While Halo 3 is releasing right at the end of Microsoft's first fiscal 2008 quarter (which runs from July through September), Goldman-Sach's industry watchers are expecting the game to contribute about $170 million in revenue for the quarter, with more than 4.2 million copies shipped into the retail channel. That's nearly one copy for every three Xbox 360s in the world, going by the analysts' projections of an installed user base of 13.2 million by September.

They also note that the $170 million figure could be low by as much as $50 million if they've lowballed the installed user base. Microsoft's tendency to put revenue from games on its books as soon as they're shipped out could also boost the revenue number, as could any change to the analysts' royalty model, which assumes Microsoft keeps 80 percent of the retail price on first-party games.

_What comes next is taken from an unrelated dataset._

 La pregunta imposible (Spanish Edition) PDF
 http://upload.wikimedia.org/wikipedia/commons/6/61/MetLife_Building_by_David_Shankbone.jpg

For comparison, Halo 2's November 2004 launch came in the middle of Microsoft's financial quarter, when the original Xbox installed user base was 19.9 million. Microsoft sold 7.5 million copies by the end of the quarter (38 percent of the user base), with 2.38 million sold on day one, according to the analysts.

Perhaps more significant than the sales figures that Goldman-Sachs expects Halo 3 to put up is the analysts' expectation that by the end of its first week of release, the game will have driven Microsoft's Xbox division to its first profitable quarter ever. Microsoft has been touting its fiscal 2008 as the turning point in the entertainment and devices division for some time, as Robbie Bach first made mention of the profitability goal in July of 2006.